Wednesday, June 27, 2007

hot dogs

One of my work colleagues bought me lunch yesterday... a hot dog! I thanked him, but he doesn't know that I didn't eat it. I hate hot dogs, simply because I do not know what it is. A hot dog looks to me like a condom filled with minced cow eyelids and other revolting body parts which I do not even want to think about.

Speaking of condoms, imagine if major brands started making their own condoms and kept the same motto.

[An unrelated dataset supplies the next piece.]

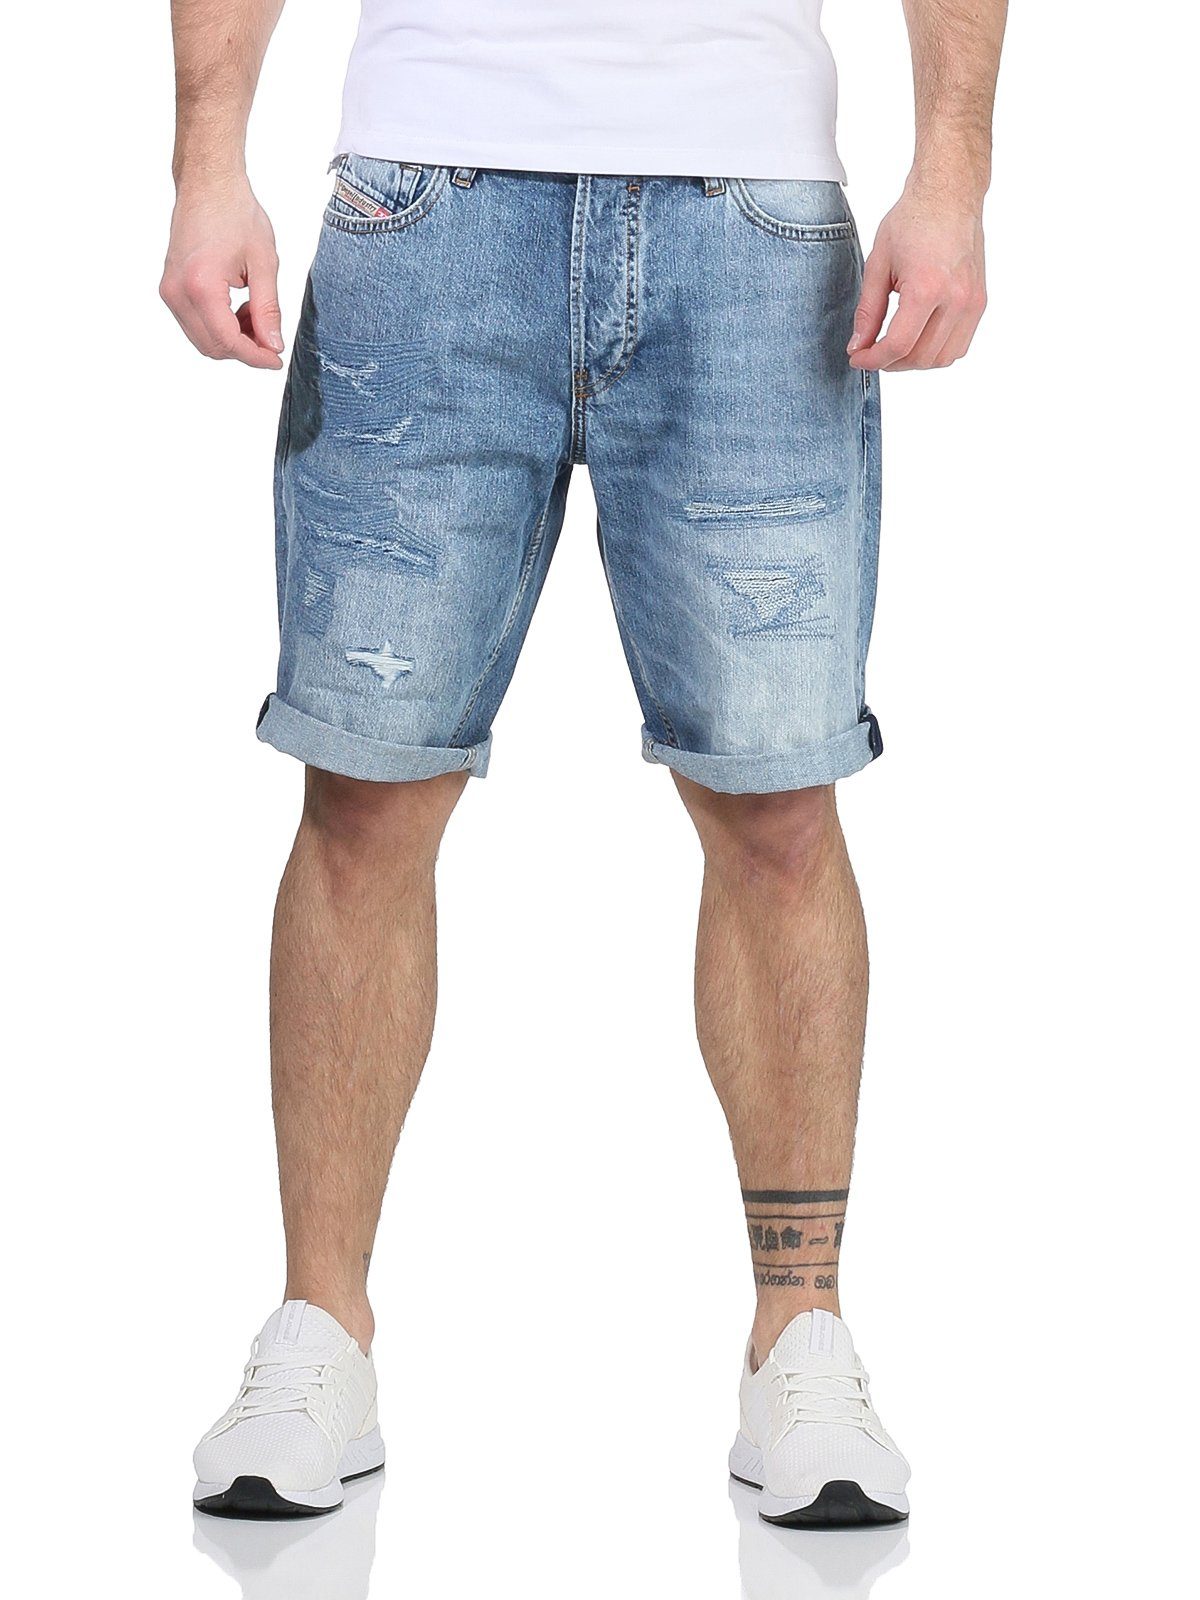 Look Herren Blau kurze Diesel Kroshort Used-Look RG48R Shorts, Shorts Hose Vintage Jeans Jeansshorts dezenter RB012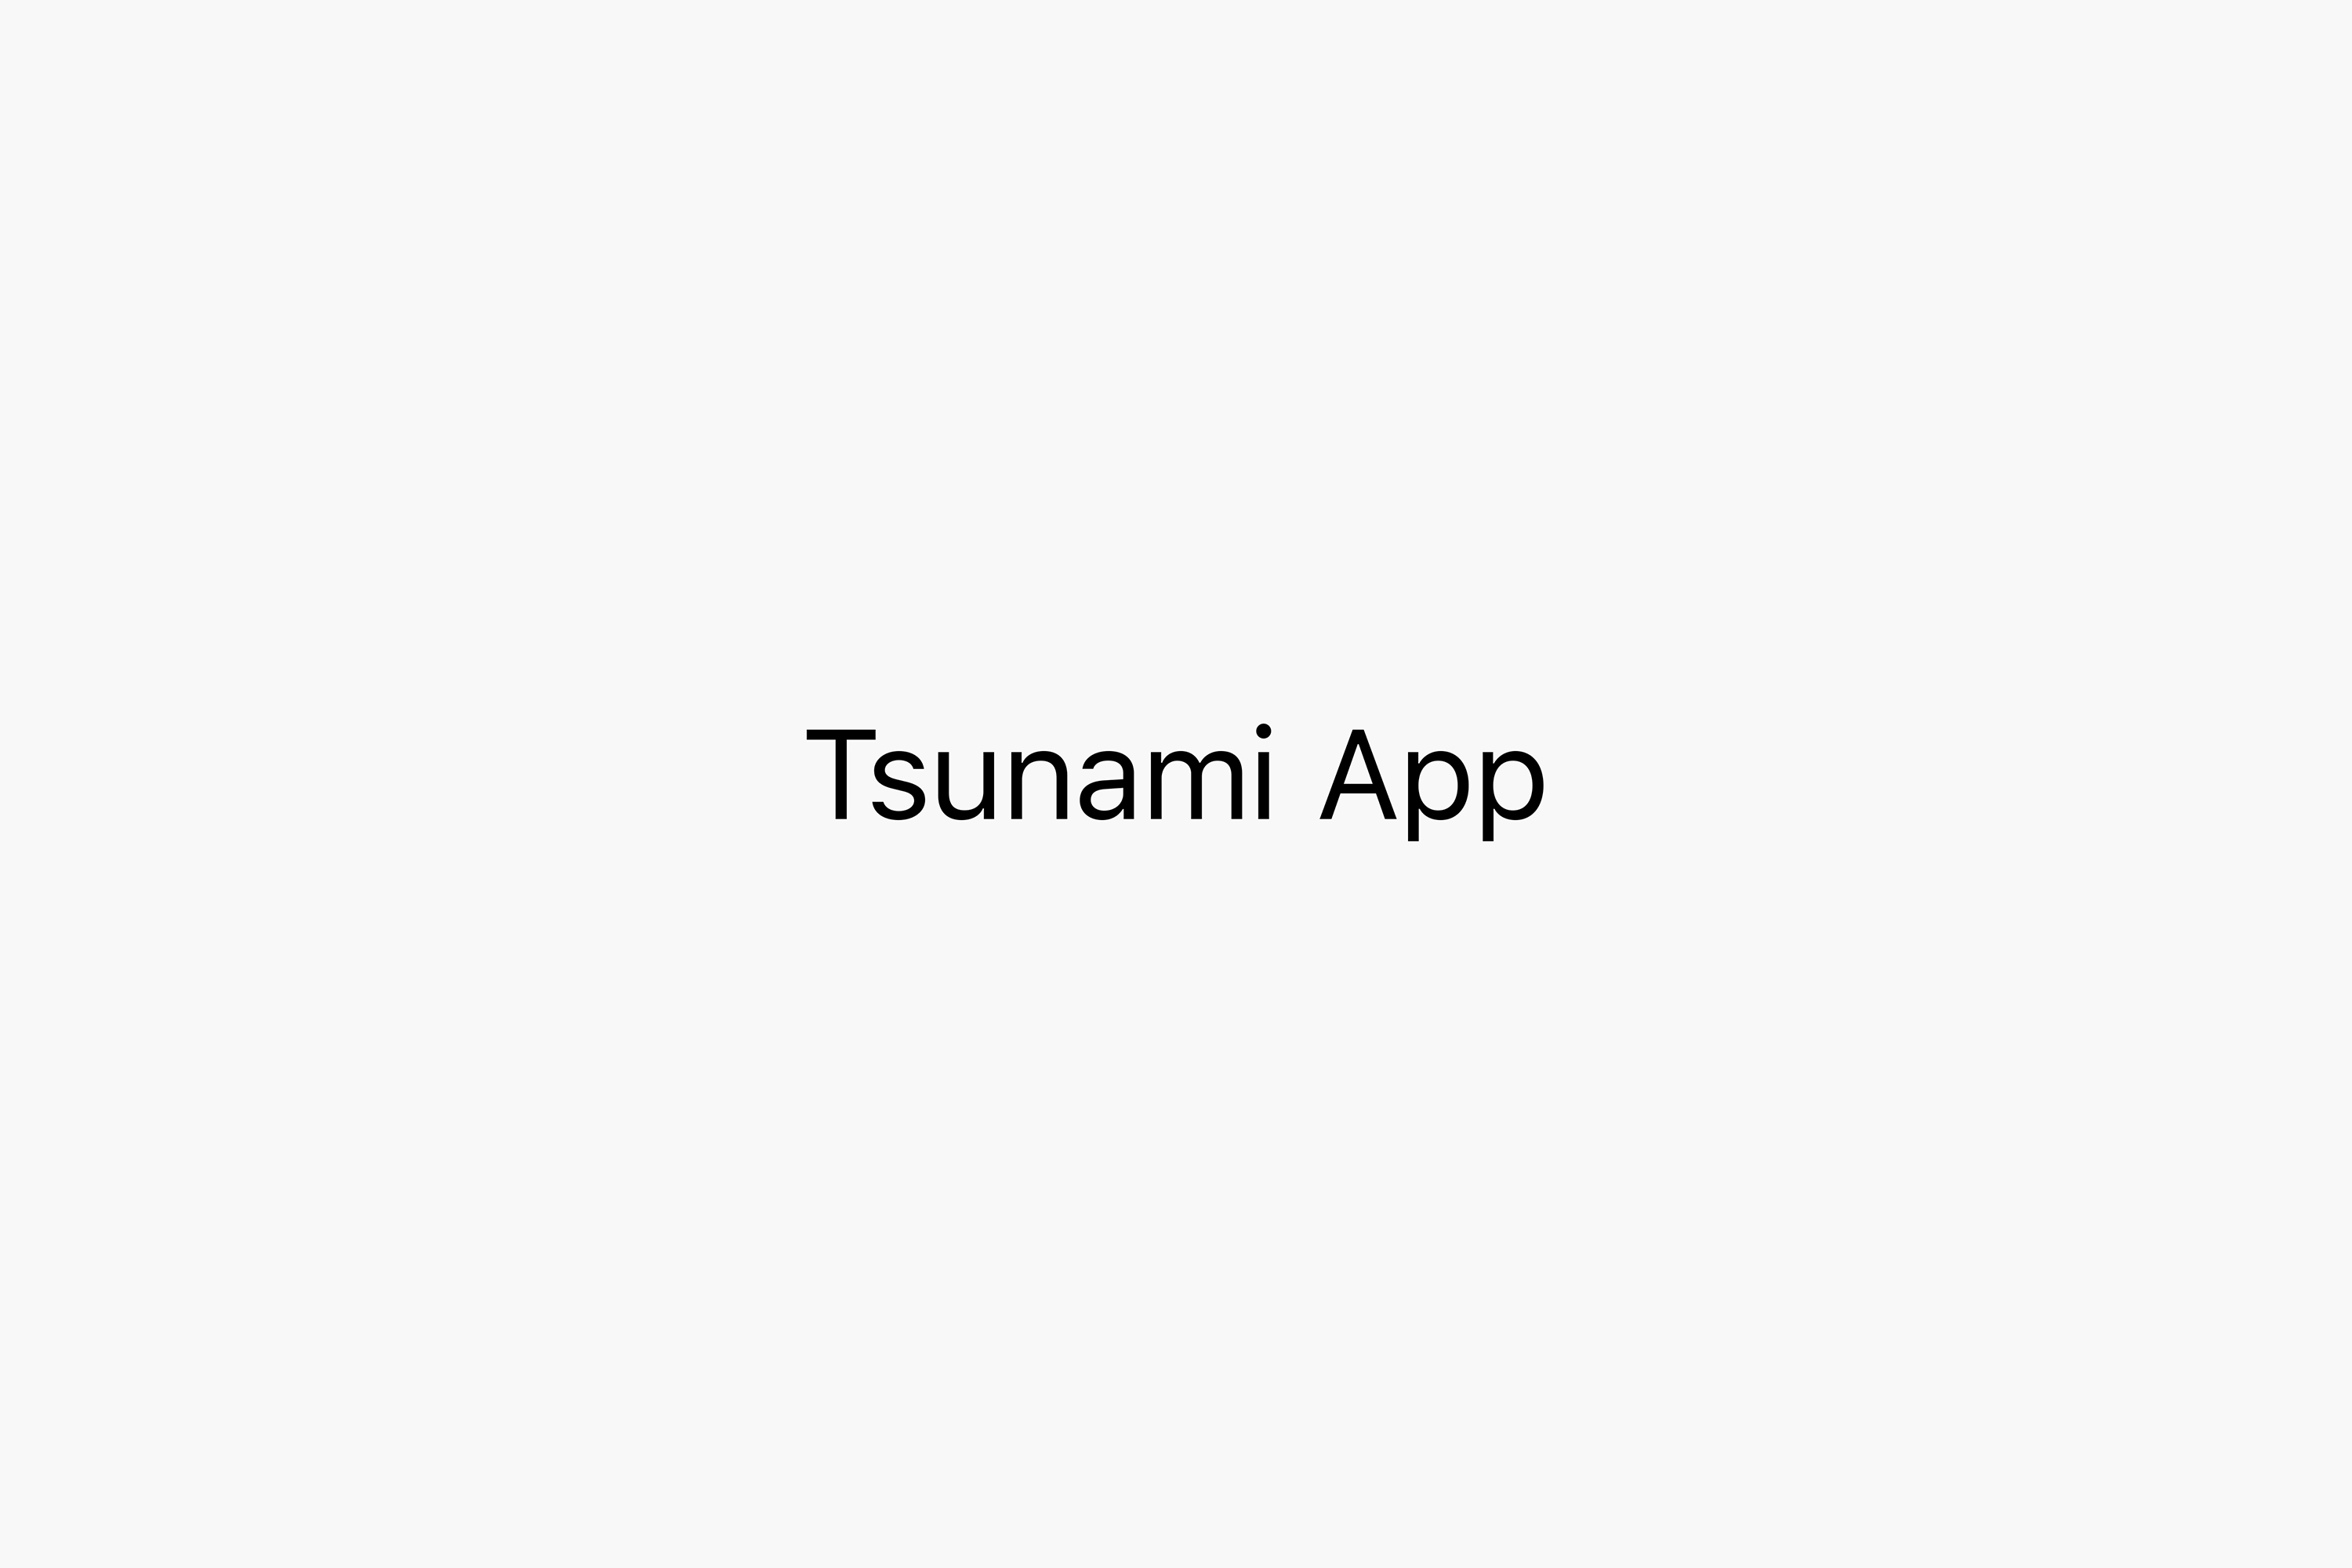 tsunami_app_logotype

Nike Condoms - Just do it.
Peugeot Condoms - The ride of your life.
KFC Condoms - Finger licking good.
Coca Cola condoms - The real thing.
Ever Ready condoms - keep going and going.
Pringles condoms - once you pop, you cant stop
Burger King Condoms - Home of the whopper
Goodyear Condoms - for a longer ride go wide
FCUK condoms - no motto needed
Heineken condoms - reaches parts that other condoms just cannot reach
Carlsberg condoms - probably the best condom in the world

Oh, and the Egyptian government today announced that it is changing its emblem from the eagle to a condom because it more accurately reflects the government's political stance. A condom allows for inflation, halts production, destroys the next generation, protects a bunch of pricks and gives you a sense of security while you're actually being screwed.